15. एउटा कागज कारखानाको कामदारहरूको दैनिक ज्याला तलको तालिकामा दिइएको छ। (The daily wage of workers of a paper factory is given in the table below.)

\begin{tabular}{|l|c|c|c|c|c|c|}
\hline
\begin{tabular}{l}
ज्याला रु. मा \\
(Wages in Rs.)
\end{tabular} & [tex]$500-600$[/tex] & [tex]$600-700$[/tex] & [tex]$700-800$[/tex] & [tex]$800-900$[/tex] & [tex]$900-1000$[/tex] & [tex]$1000-1100$[/tex] \\
\hline
\begin{tabular}{l}
कामदारहरूको संख्या \\
(Number of workers)
\end{tabular} & 3 & 5 & 6 & 2 & 3 & 1 \\
\hline
\end{tabular}

a) दिइएको तथ्याड्कको रीत पर्ने श्रेणी कति हुन्छ? लेख्नुहोस्।

What is the modal class of the given data? Write it.

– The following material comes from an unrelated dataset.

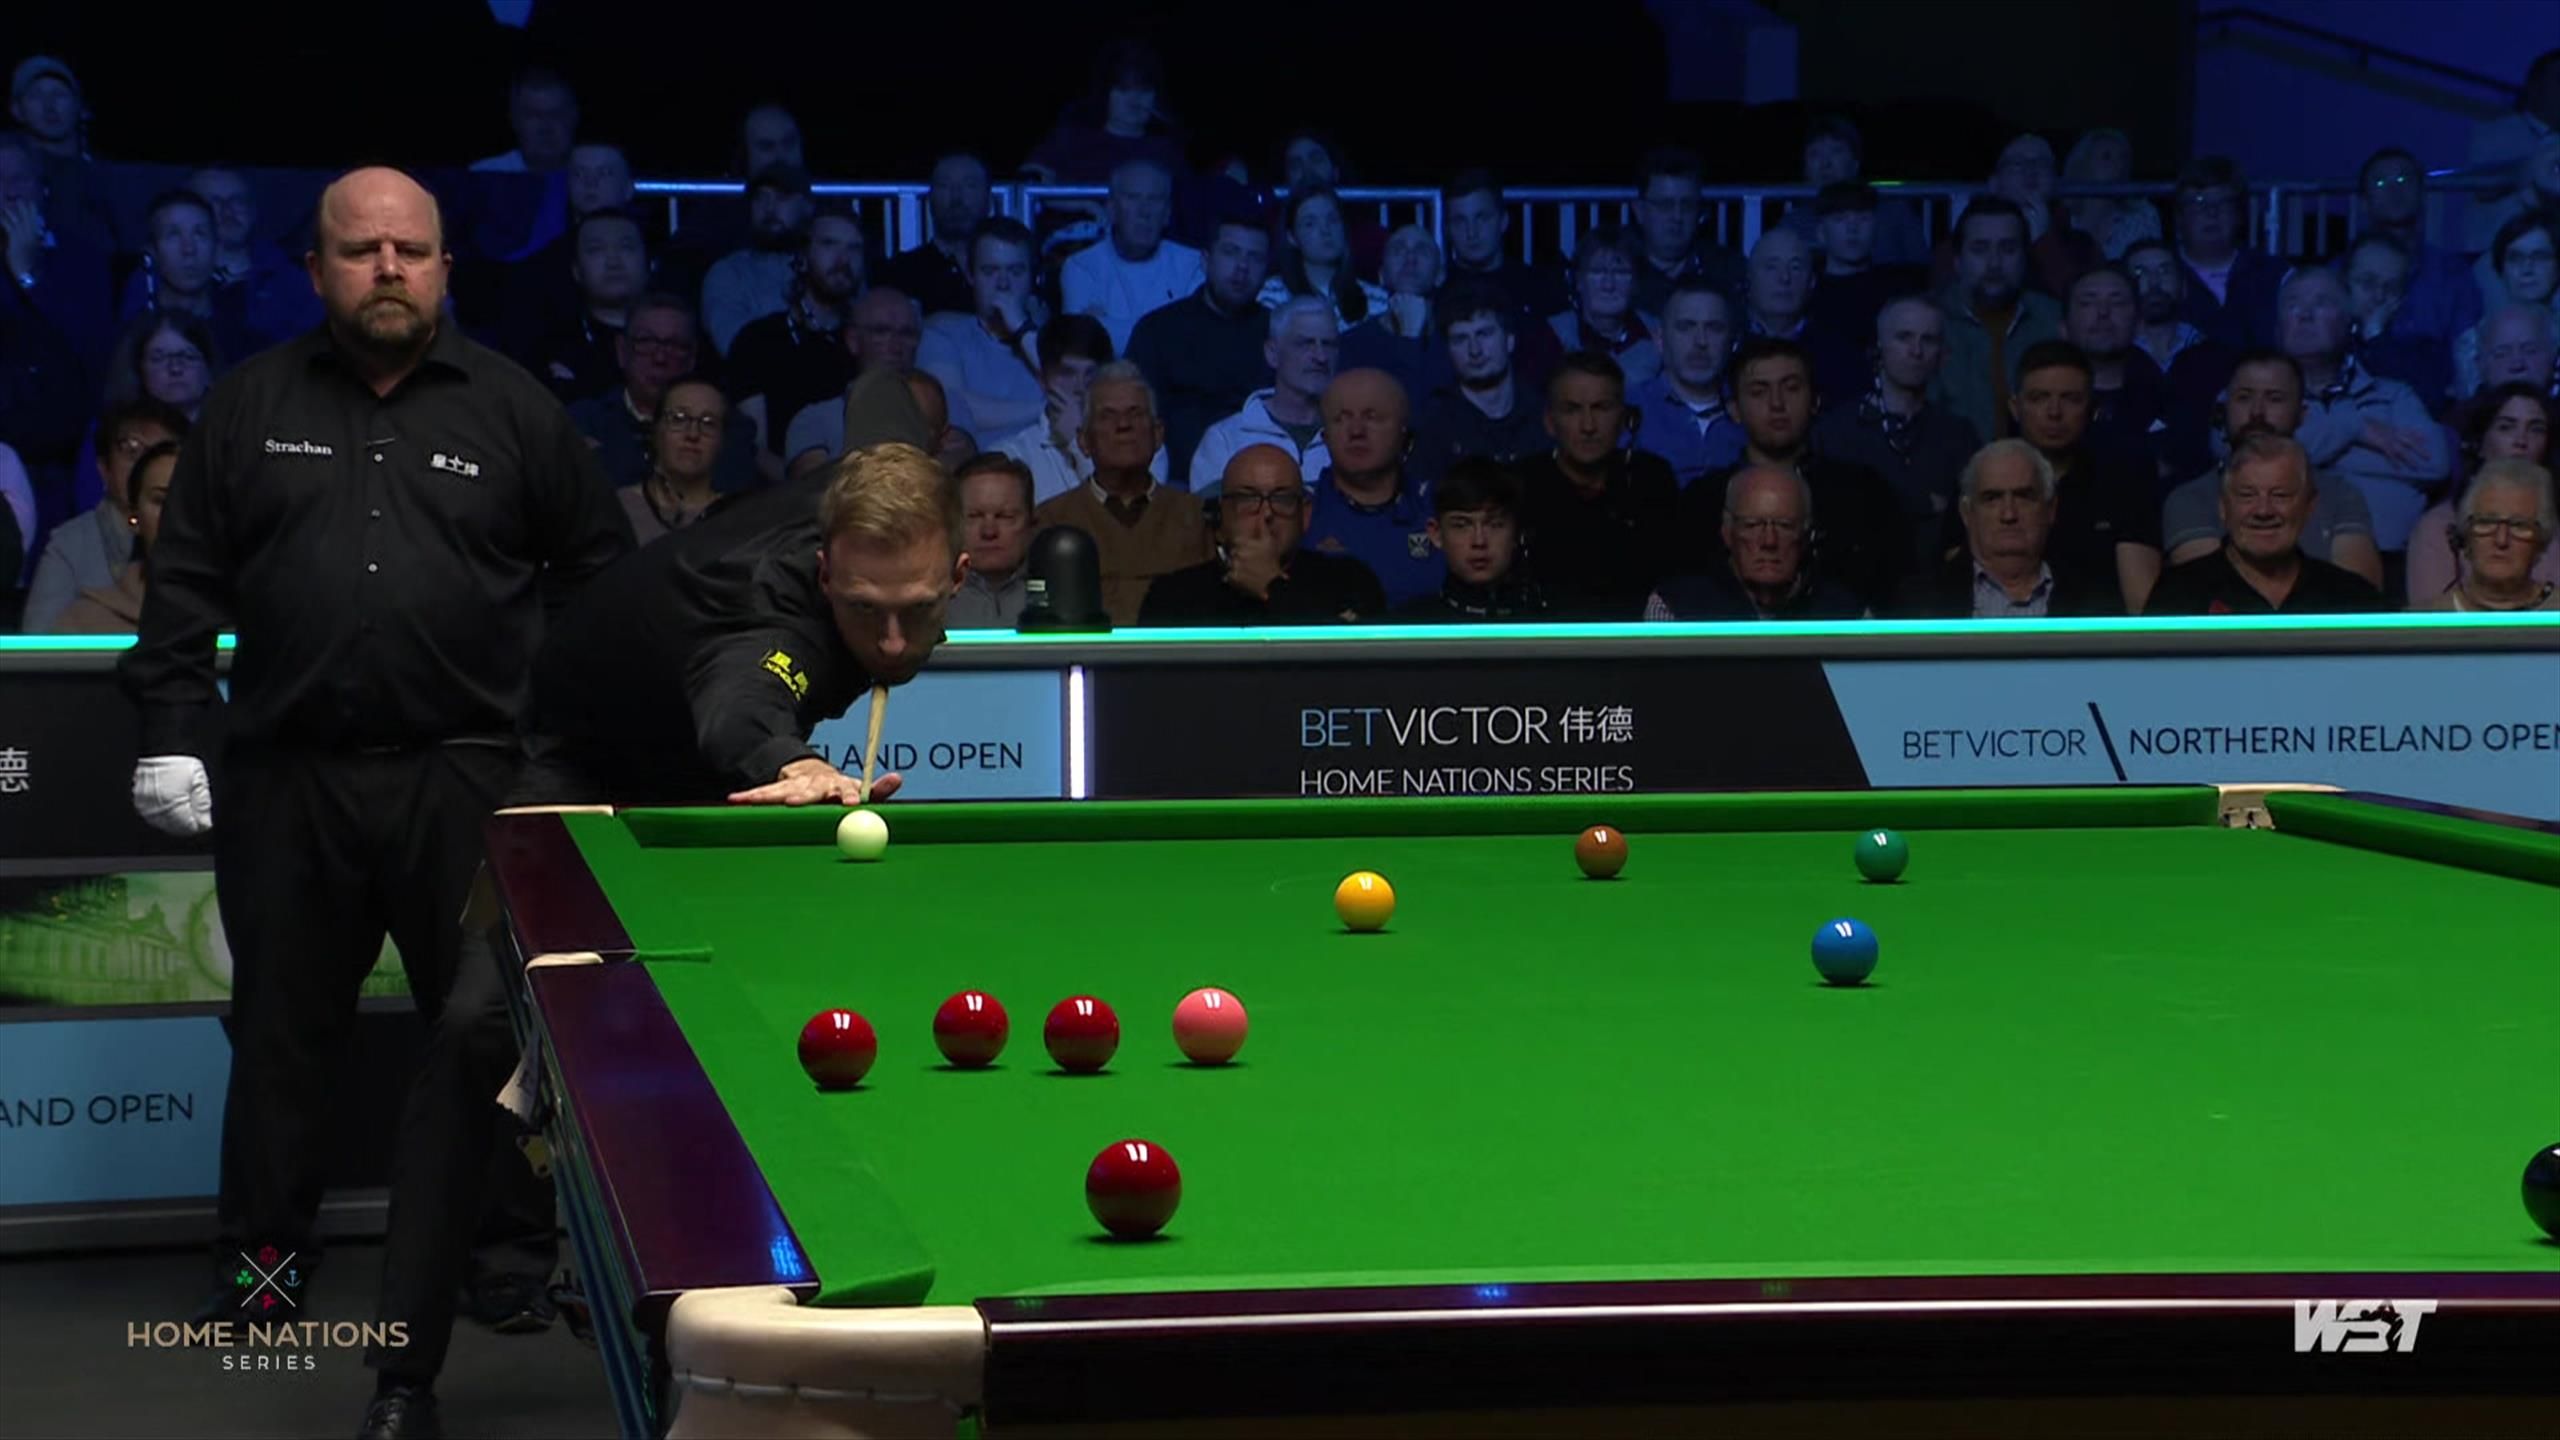 Northern Ireland Open 2023 Judd Trump macht extrem schwere Rote an der Bande - Snooker Video

b) दिइएको तथ्याड्कको मध्यिका पर्ने श्रेणी पत्ता लगाउनुहोस्।

Find the median class of the given data.

c) प्रति कामदारको औसत दैनिक आम्दानी कति रहेछ? गणना गर्नुहोस्।

What is the average daily income of a worker? Calculate it.

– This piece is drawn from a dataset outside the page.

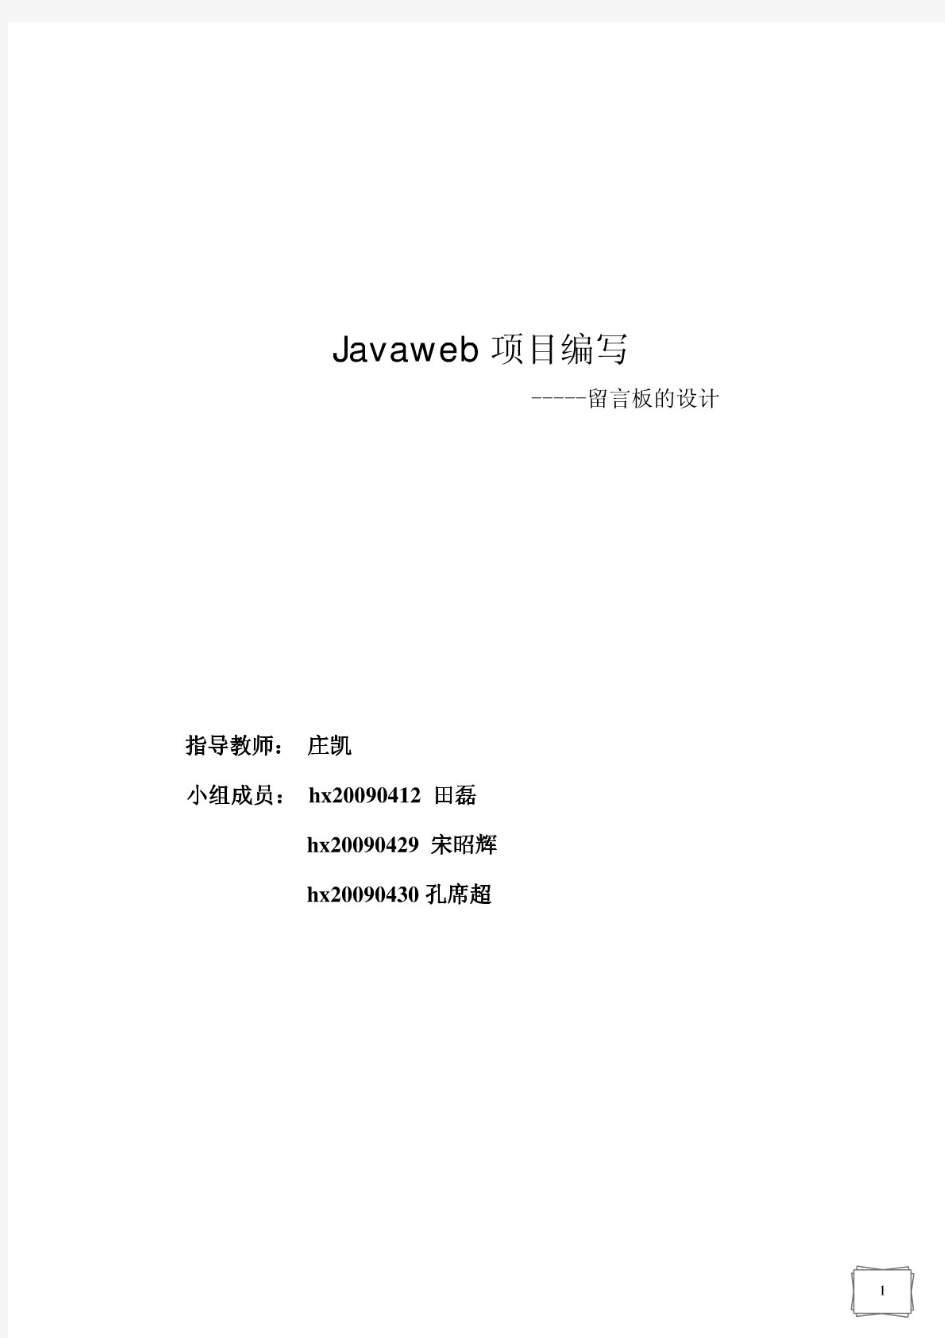 【精品】Javaweb项目实验报告

d) के मध्यिका पर्ने श्रेणी र रीत पर्ने श्रेणी सधै एउटै हुन्छन्? कारणसहित लेख्नुहोस्।

Do the median and modal class always lie in the same class? Write with reason.



Answer :

Let's go through the steps in detail for each part of the question.

### Given Data:
- Wage intervals: 500-600, 600-700, 700-800, 800-900, 900-1000, 1000-1100
- Number of workers in each interval: 3, 5, 6, 2, 3, 1

From this data, we can derive the midpoints of the wage intervals and proceed with calculations.

### a) Modal Class:
The modal class is the class interval with the highest frequency (most number of workers).

#### Steps:
1. Observe the frequencies for each class interval: 3, 5, 6, 2, 3, 1.
2. Identify the interval with the highest frequency. Here, the highest frequency is 6.

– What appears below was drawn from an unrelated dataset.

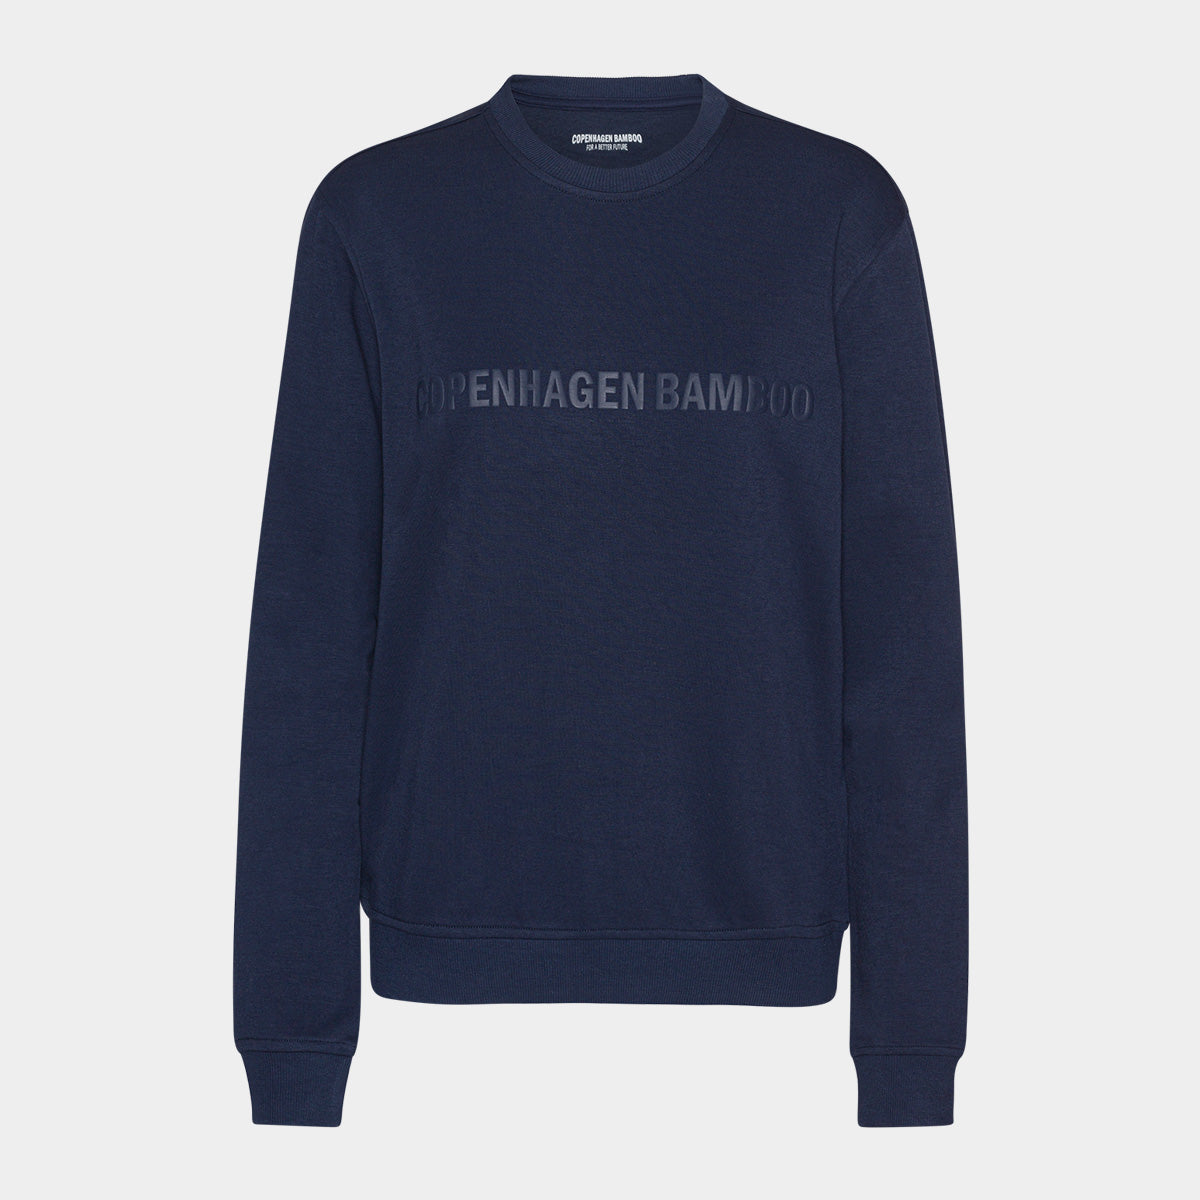 Se Navy bambus sweatshirt til mænd med logo fra Copenhagen Bamboo, XXL hos Bambustøj.dk

Thus, the modal class is 700-800.

### b) Median Class:
The median class is the class interval where the median lies. The median divides the dataset into two equal halves.

#### Steps:
1. Calculate the cumulative frequencies:
- 500-600: 3
- 600-700: 3 + 5 = 8
- 700-800: 8 + 6 = 14
- 800-900: 14 + 2 = 16
- 900-1000: 16 + 3 = 19
- 1000-1100: 19 + 1 = 20
2. Find the total number of workers, which is 20.
3. Determine the median's position, which is at [tex]\( \frac{\text{Total number of workers}}{2} = \frac{20}{2} = 10 \)[/tex].
4. Identify the interval where the 10th worker falls:
- The cumulative frequency just before 10 is 8 (for interval 600-700), and the next cumulative frequency is 14 (for interval 700-800).

So, the 10th worker lies in the 700-800 interval, making this the median class.

### c) Average Daily Income:
To find the average daily income, use the formula for the weighted average of the midpoints of the wage intervals.

#### Steps:
1. Calculate the midpoints of the wage intervals:
- 500-600: midpoint = 550
- 600-700: midpoint = 650
- 700-800: midpoint = 750
- 800-900: midpoint = 850
- 900-1000: midpoint = 950
- 1000-1100: midpoint = 1050
2. Calculate the total income by summing the product of midpoints and frequencies:
[tex]\[ \text{Total income} = (550 \times 3) + (650 \times 5) + (750 \times 6) + (850 \times 2) + (950 \times 3) + (1050 \times 1) \][/tex]
[tex]\[ = 1650 + 3250 + 4500 + 1700 + 2850 + 1050 = 15000 \][/tex]
3. Calculate the average daily income:
[tex]\[ \text{Average daily income} = \frac{\text{Total income}}{\text{Total number of workers}} = \frac{15000}{20} = 750 \][/tex]

So, the average daily income per worker is Rs. 750.

### d) Median and Modal Class Comparison:
Do the median and modal class always lie in the same class?

Reasoning:
In this case, both the median class and the modal class are the same (700-800). However, this is not always true. The modal class is determined solely by the highest frequency, while the median class depends on the position that divides the dataset into two equal halves. They can differ in different datasets.

Conclusion:
- Modal class: 700-800
- Median class: 700-800
- Average daily income: Rs. 750
- Median and modal class same?: Yes (in this case), but not necessarily always. They can differ based on the dataset distribution.